Odd to think that he might have had her with the greatest ease three years ago. Would he still want her this year if he had had her then? Of course, this year it would not be nearly so easy. For one thing, she would now know what he was up to. For another, she was older and wiser. She was no green girl, she had said earlier. And he believed her.
It was unlikely that she could ever be persuaded to admit that she loved him—or even that she was infatuated with him. As far as he was concerned, they were one and the same thing anyway But of course, she would be too stubborn to admit either.
He had suggested an unwinnable wager.
A quite irresistible one, in fact.
Which perhaps explained why his thoughts had strayed to Charlotte’s birthday and the idea of giving her a party on a far grander scale than he had hitherto intended.
He lay awake for a while longer, plotting and planning and yawning.
It would be diabolical, he decided just before falling off to sleep. But he would not be taking away from her even one iota of her power to tell him that he had lost his wager, would he? She could say no even before that question arose, in fact, and put an end to the wager before it started.
Like a soggy firework.
She would not say no. He would see to it that she did not.
He had a wager to win, by Jove, and he never lost a wager. Not even that once. Not really
“I have been thinking, Char,” Jasper said at breakfast the morning after Lady Parmeter’s ball, “about your birthday.”

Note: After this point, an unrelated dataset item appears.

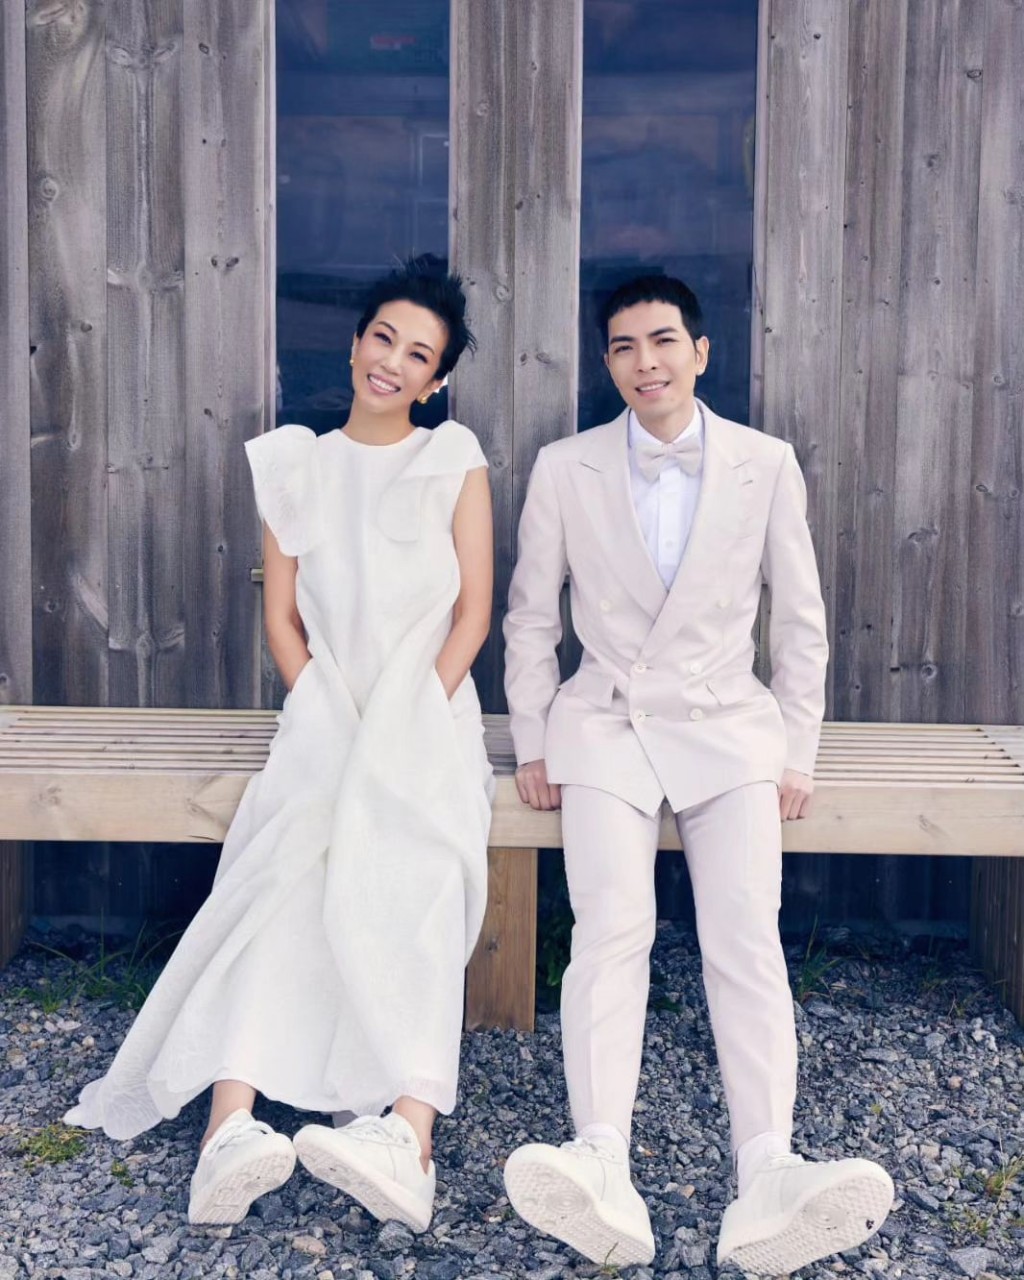 萧敬腾和林有慧分别在社交平台报喜，宣布10月19日定为结婚日。

She glanced up from her plate.
“Have you, Jasper?” she asked rather warily.
She looked very different from Rachel and him. She was golden- haired, hazel- eyed, small, and dainty. And she seemed to have grown overnight from a girl into a young lady—one who was already turning heads on Bond Street and in Hyde Park. Male heads, by thunder. He had caught a few young bucks at it one morning and had stared them into bumbling confusion without even having to resort to the use of his quizzing glass. If he had to crack a few heads together, he would not hesitate to do it.